但很快地,他把注意力放在了聶塵身上:「這就是那個秀才,果然不同凡響,哪有讀書人被抓這般不聲不響的?換做常人早就哭喊著叫救命了,進城時我覺得他不對勁,陳把總那莽夫還說沒事,如今可好,抓了個海盜頭子,還是朝廷招安的海盜頭子。」

腦子裡這麼想著,他臉上卻換上了一副笑容來,站起身,對外面道:「進來說話吧。」

牢頭聽了,示意聶塵進去,張鐵匠等人也想跟著,卻被牢頭擋在身前:「縣太爺的屋子,你們進去幹啥?在外面等著。」

聶塵腳都抬起來了,聞聲停住了,站回張鐵匠身邊,面不改色地對牢頭道:「他們不能進的話,我也不進去了。」

「嗯?」

所有人都怔住了,牢頭吃驚得瞪圓了眼,他頭回見到不給知縣面子的人;張鐵匠等人先是詫異,繼而目露感動;而站在屋裡的許知縣,則很尷尬。

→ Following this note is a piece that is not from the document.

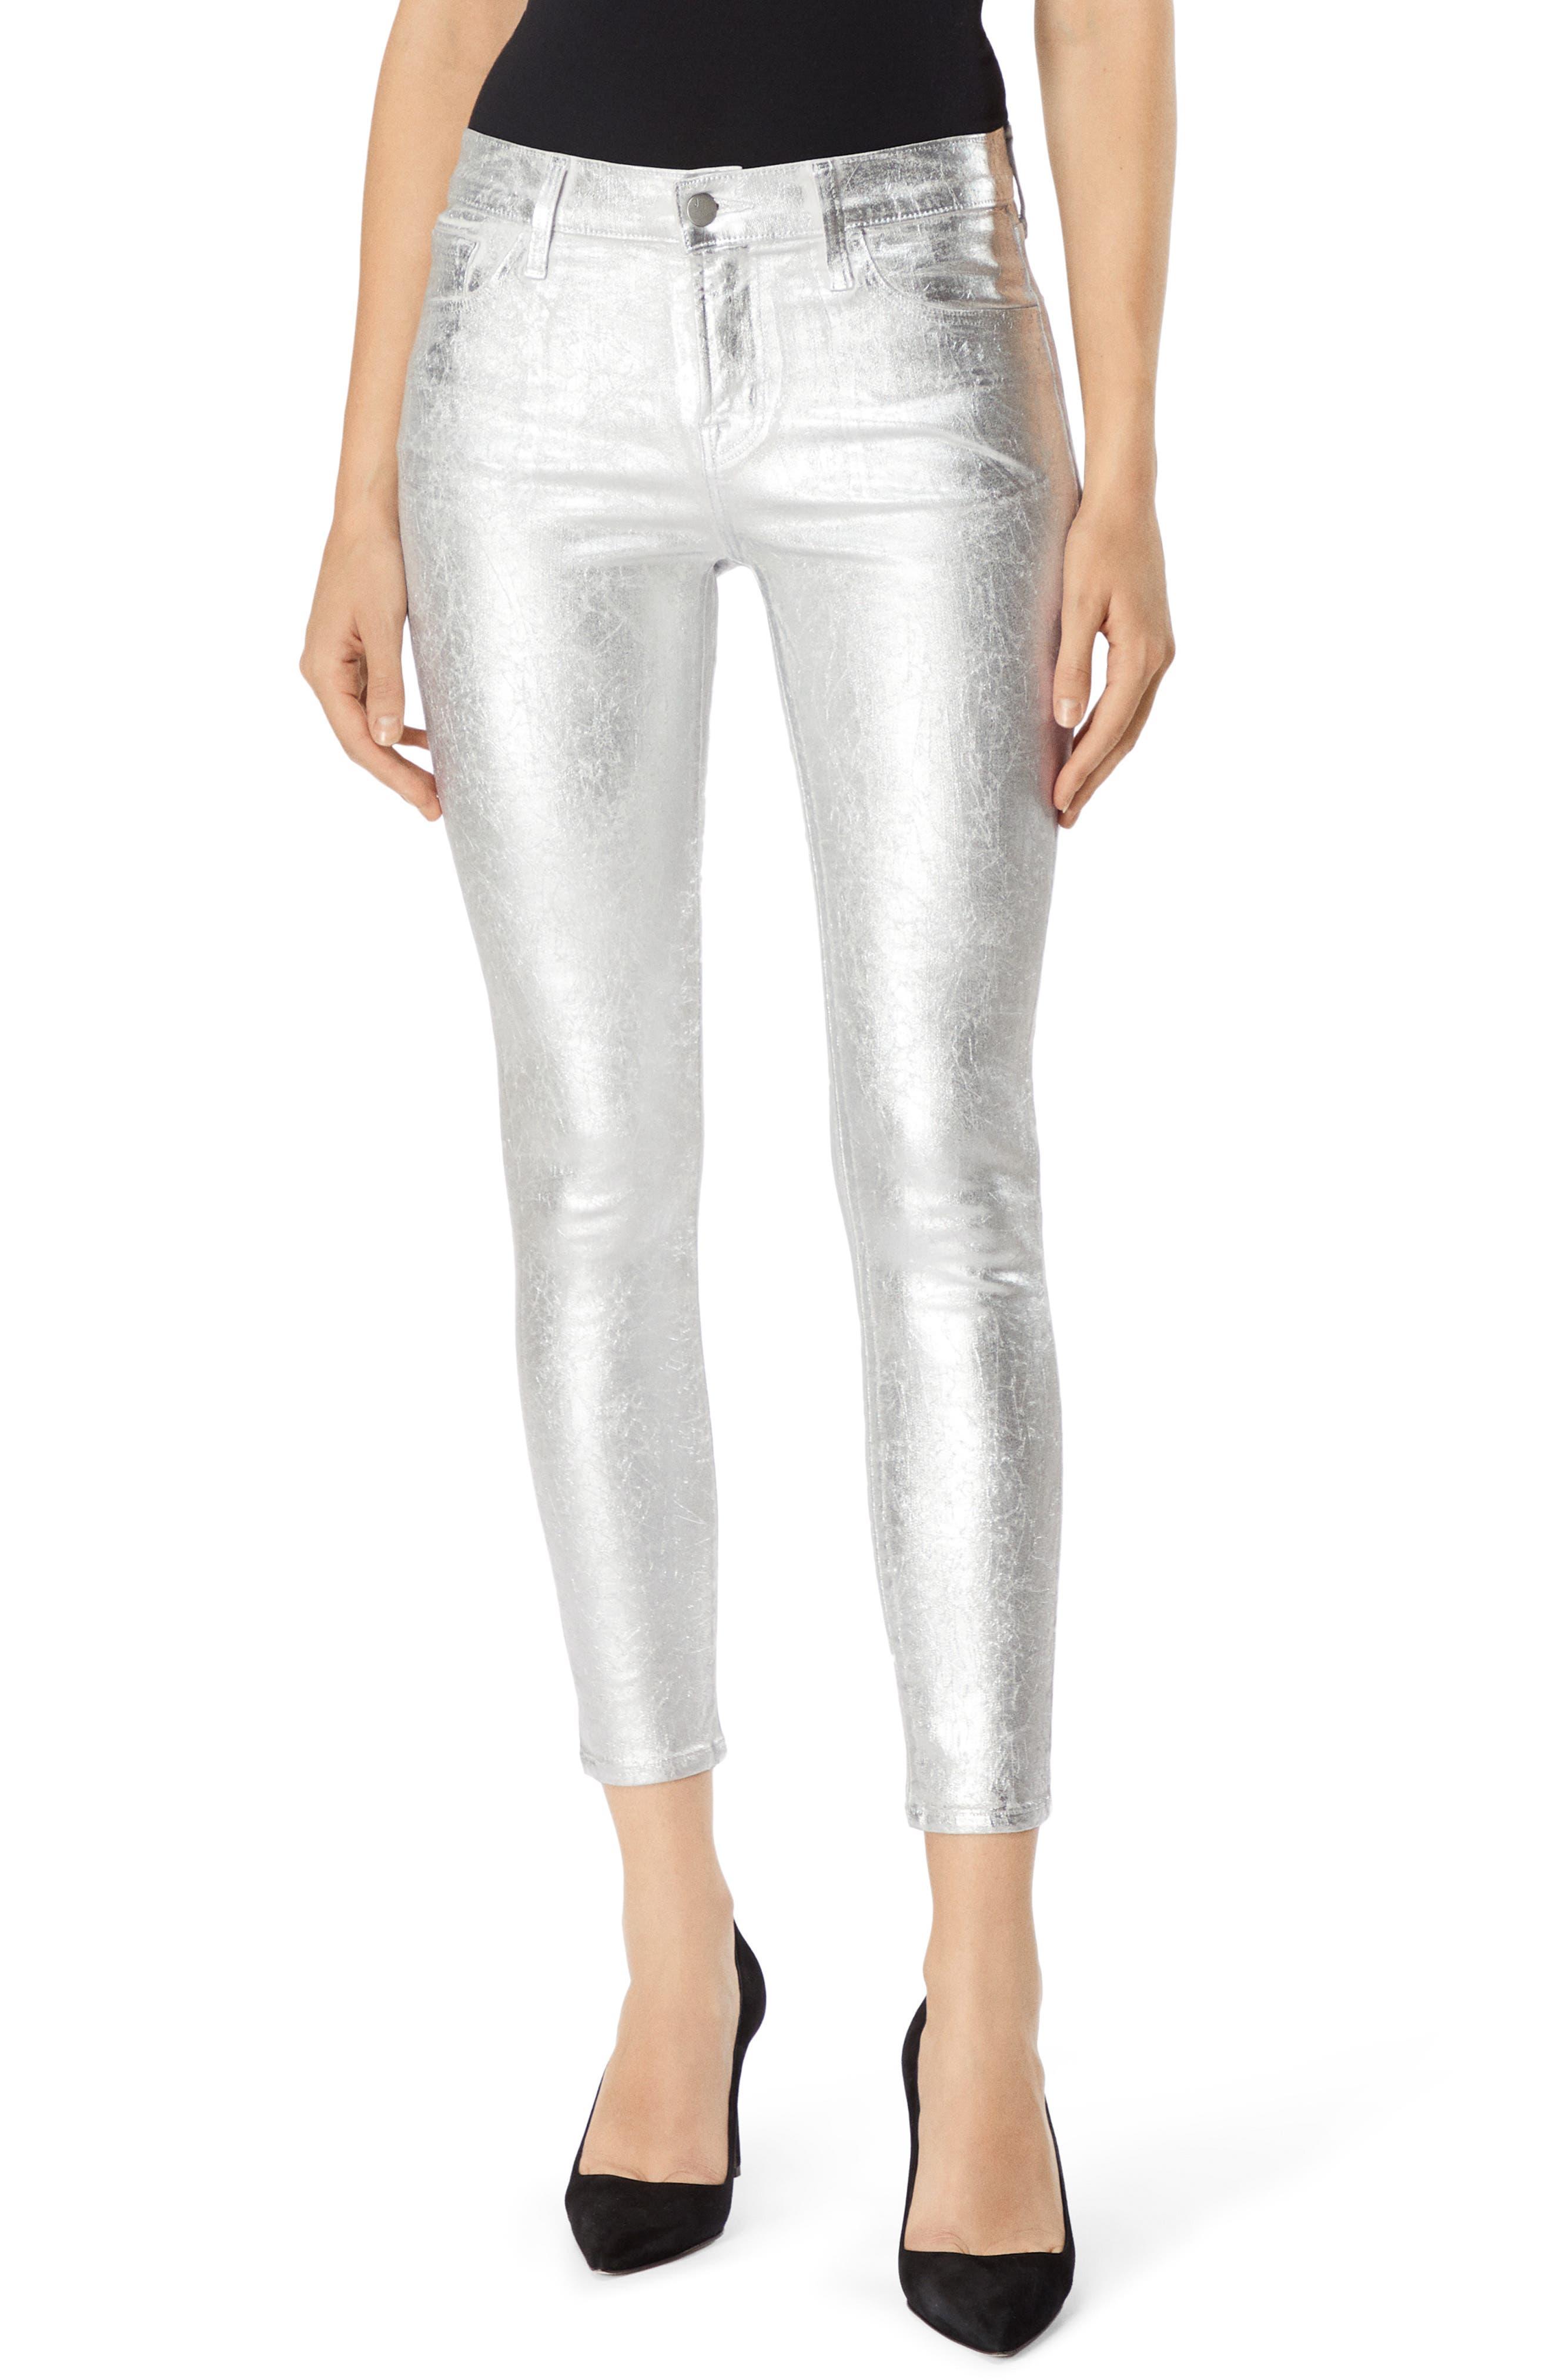 835 Capri Skinny Jeans,                         Main,                         color, SUPERMOON CRISTALLINE

聶塵朝裡面拱拱手:「知縣大人恕罪,這幾位是我的族人,若不是他們,我就活不到現在,有同生共死一般的情意。大人召我等過來,卻把他們留在門外,我若獨身進去,於義不通,我不敢說有羊厥哀、左伯韜那樣的義薄雲天,但也不甘有失讀書人的品格,所以大人有話,請容我在這裡洗耳恭聽。」

這一席話抑揚頓挫,聽得眾人一愣一愣的,旁人不知道他說的兩個名字是誰,但舉人出身的許成久知道,那是歷史上的先賢名人,以義氣著稱,是讀書人必學的楷模。

於是聶塵不給許成久面子的舉動,反而變得光明磊落,弄得許成久咳嗽一聲,只好自己走出去,還帶著笑。

「聶先生果然好口才,文武雙全,不愧是福建巡撫都看重的人物,本官這裡受教了。」他微笑著,走到聶塵面前,大度地打著哈哈:「這幾日聶先生受委屈了,都是誤會,現在弄清楚了,原來你是即將有官身的人,雖是武職,但都是為朝廷效力,也算同僚,望你不要怪本官之過,本官這裡先向聶先生賠罪才是。」